As you can see, predict generates a json parameters file after each run containing the training data, it looks like this:

$ python -m json.tool awesome_busco.parameters.json
{
    "augustus": [
        {
            "date": "2020-02-25",
            "path": "/path/test-busco_4327/annotate/predict_misc/ab_initio_parameters/augustus/species/awesome_busco",
            "source": "BUCSCO dikarya",
            "version": "funannotate v1.7.4"
        }
    ],
    "codingquarry": [
        {}
    ],
    "genemark": [
        {}
    ],
    "glimmerhmm": [
        {
            "date": "2020-02-25",
            "path": "/path/test-busco_4327/annotate/predict_misc/ab_initio_parameters/glimmerhmm",
            "source": "BUCSCO dikarya",
            "version": "funannotate v1.7.4"
        }
    ],
    "snap": [
        {
            "date": "2020-02-25",
            "path": "/path/test-busco_4327/annotate/predict_misc/ab_initio_parameters/awesome_busco.snap.hmm",
            "source": "BUCSCO dikarya",
            "version": "funannotate v1.7.4"
        }
    ]
}

So you could theoretically point the snapp HMM file to a pre-trained version and then use this parameter file in predict.

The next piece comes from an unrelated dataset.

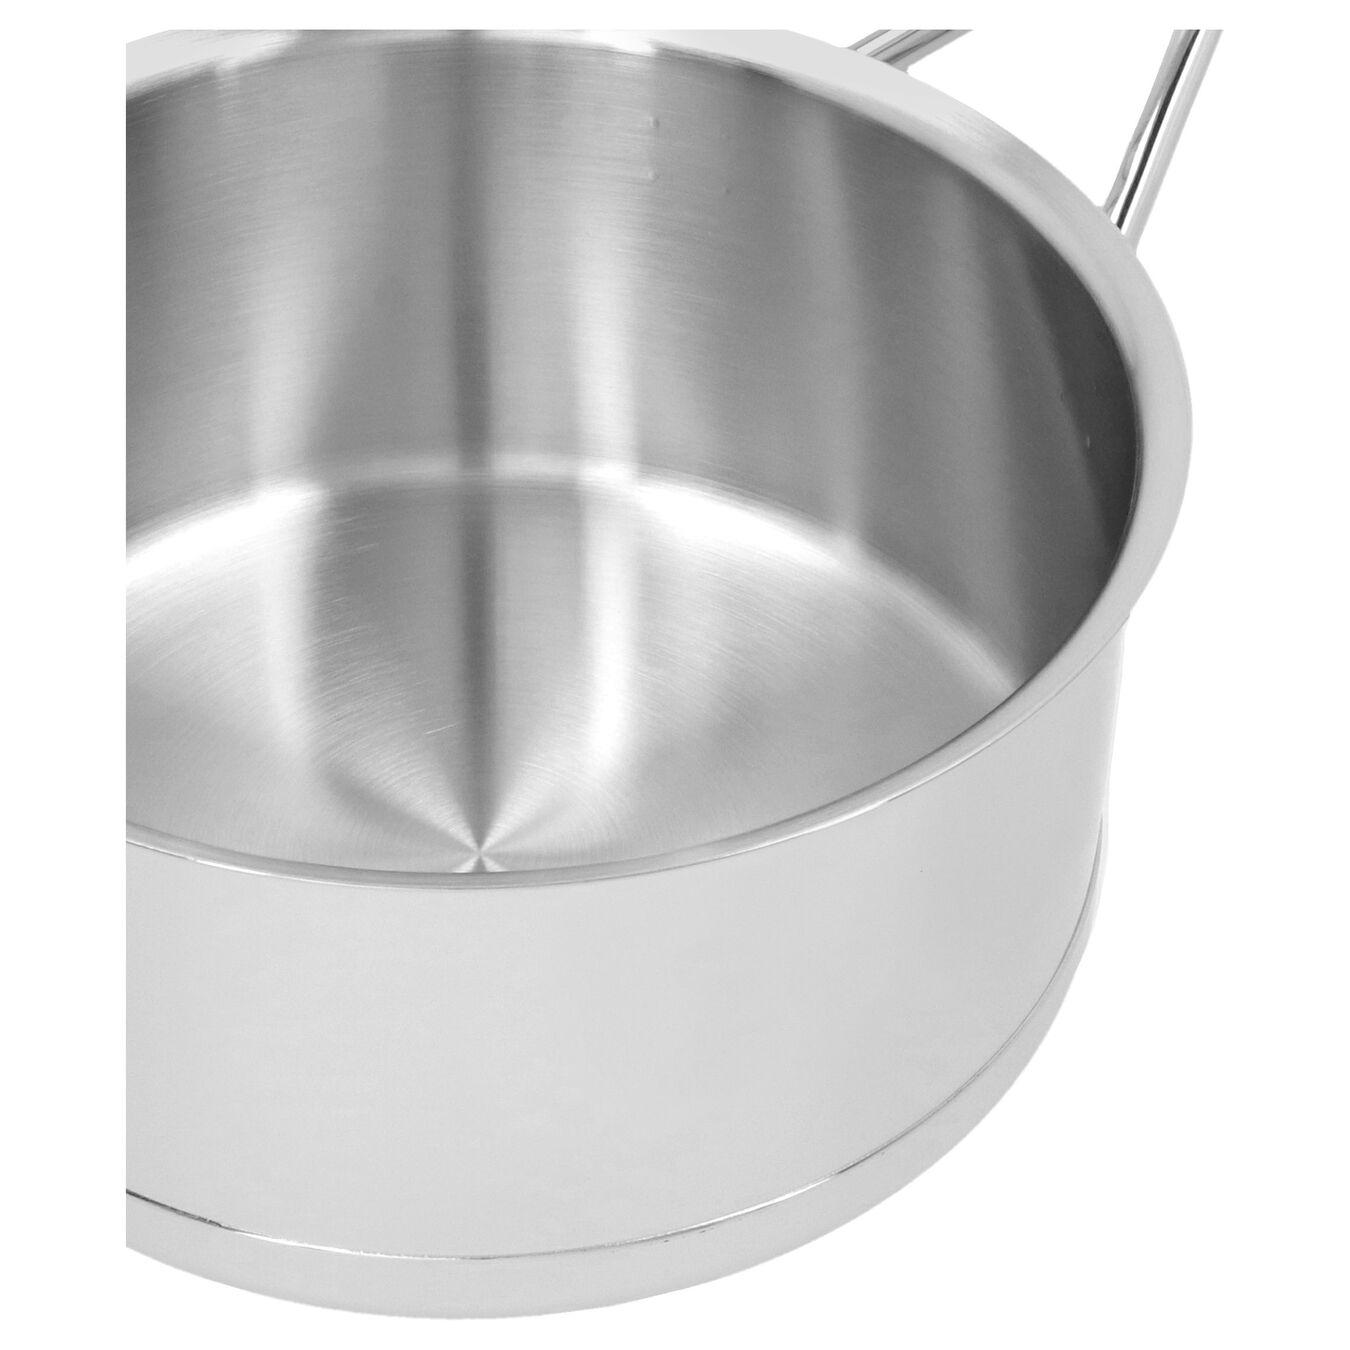 Steelpan zonder deksel 18 cm / 2.2 l,,large 3

nhartwic commented 4 years ago

Well, I'm getting output that looks similar to that. The biggest difference is that my snap produces 0 predictions which results in funannotate leaving it off this list entirely. All of the counts are slightly off though...

Augustus 1 1086 Augustus HiQ 2 321 GeneMark 1 1538 GlimmerHMM 1 1786 Total - 4731

...If I leave one of the tool entries containing only an empty dict, will that communicate to funannotate that it should follow default behavior with regard to that predictor? for example, If I were to use your paramter file on my system, where genemark IS installed, would funannotate run genemark? If not, how do I get it to do so while pointing snap to pre-trained model?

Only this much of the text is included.